Schatzki rings are fixed anatomic mucosal ring structures in the distal esophagus. They are distinct from lower esophageal muscular rings (A rings), which are transient, smooth, circumferential indentations in the esophagus. Lower esophageal rings were described first by Templeton in 1944. The vast majority of patients with lower esophageal rings are asymptomatic. In fact, lower esophageal rings are found during 6-14% of all routine upper gastrointestinal barium examinations. Lower esophageal rings that cause symptoms (true Schatzki rings) occur in only 0.5% of patients undergoing these examinations.

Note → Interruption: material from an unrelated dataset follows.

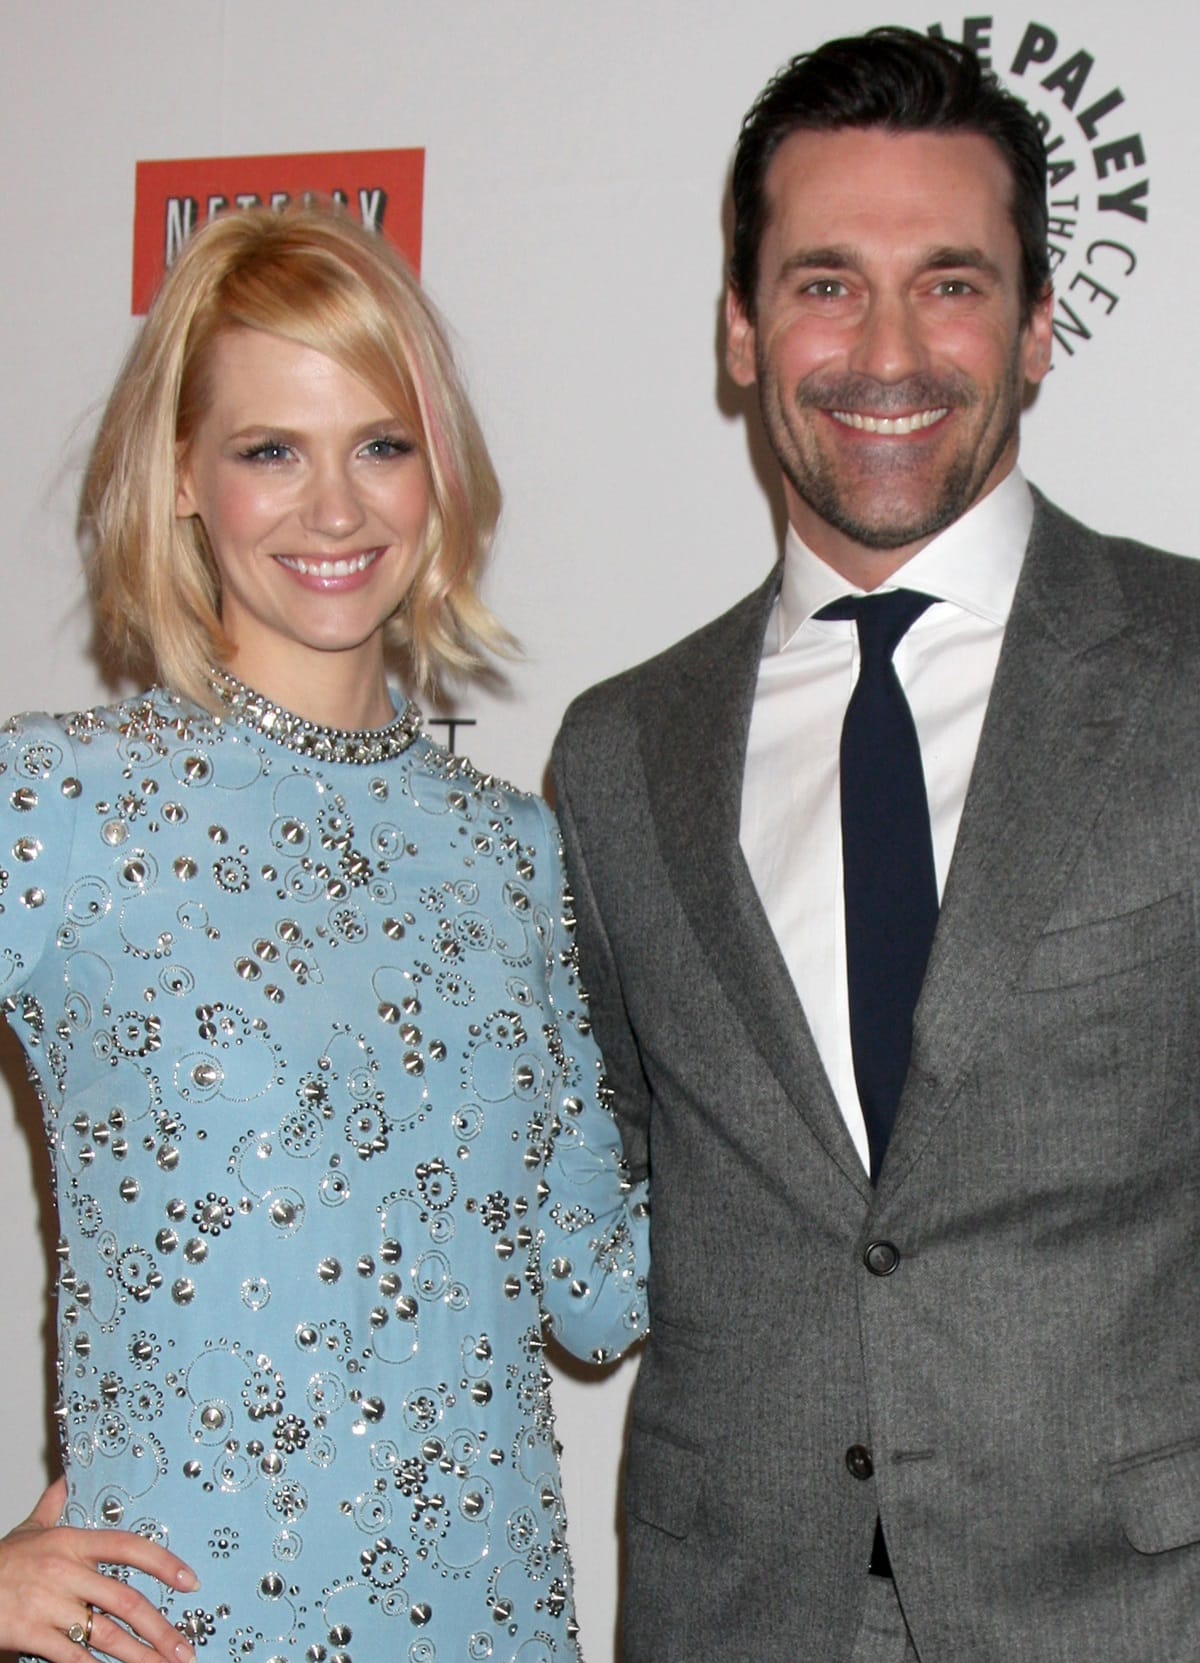 With a height of 5ft 6 (167.6 cm), January Jones is noticeably shorter than Jon Hamm, who stands at 6ft ¾ in (184.8 cm), resulting in a significant height difference of approximately 6 inches

Schatzki rings are a common cause of intermittent dysphagia. The association of intermittent dysphagia with lower esophageal rings was reported by Ingelfinger and Kramer and also by Schatzki and Gary in 1953.

Preferred examination

Barium esophagography is the preferred method of detection of Schatzki rings. Single-contrast esophagography performed with the patient drinking in the prone position is more sensitive in detecting lower esophageal mucosal rings than is erect double-contrast imaging of the esophagus.

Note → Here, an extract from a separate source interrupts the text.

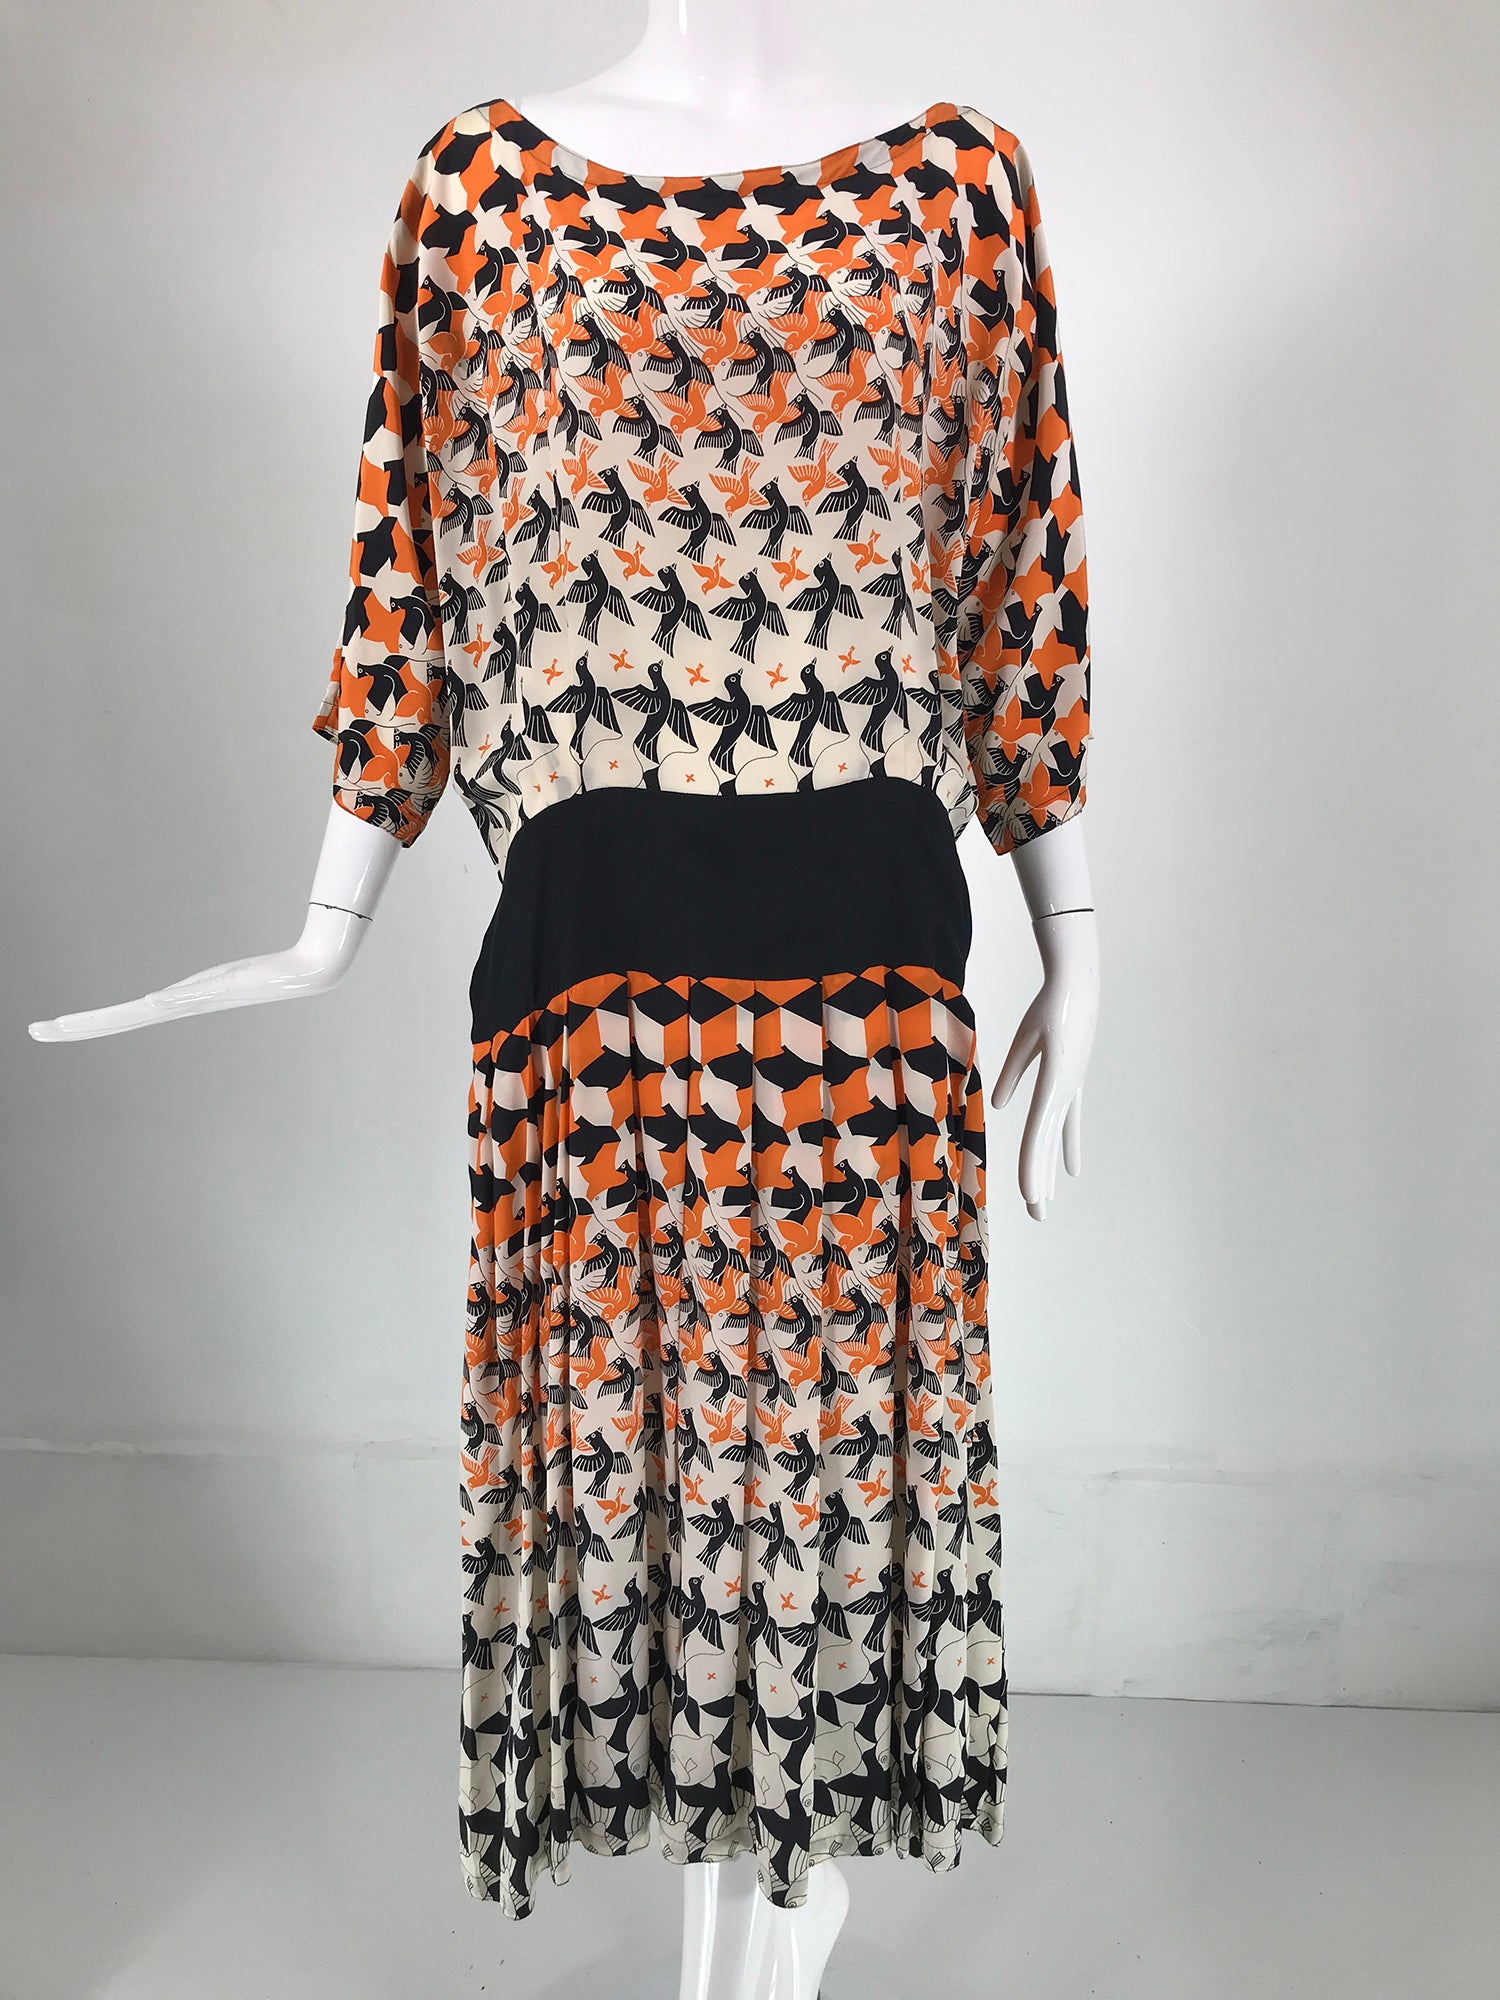 M C Escher tessellated silk print dress by Loretta Di Lorenzo, Italy from the 1980s. Birds & fishes ascending design in black, orange and white silk. Open neck dress, kimono sleeves with a wide black silk hip band that ties at the back or wraps to

Upper gastrointestinal endoscopy is commonly used for the evaluation of dysphagia. Upper endoscopy may not be as sensitive as barium esophagography in detecting lower esophageal rings.
In one study, endoscopy failed to depict more than one third of radiologically demonstrated lower esophageal rings, half of which had caused symptoms and dysphagia.

Esophageal rings may be missed during barium esophagography if distention of the distal esophagus is inadequate; therefore, adequate distention of the esophagus during barium esophagography is imperative. This distention is best achieved by using a single-contrast technique in the prone or right or left anterior oblique position with large boluses of barium. A modified Valsalva maneuver also may help in demonstrating the ring by distending the associated hiatal hernia.

(See the images below.)

Schatzki ring on an erect, double-contrast barium

Schatzki ring on an erect, double-contrast barium esophagogram. Image demonstrates a thin, ringlike narrowing (arrows) in the lower esophagus just above a hiatal hernia.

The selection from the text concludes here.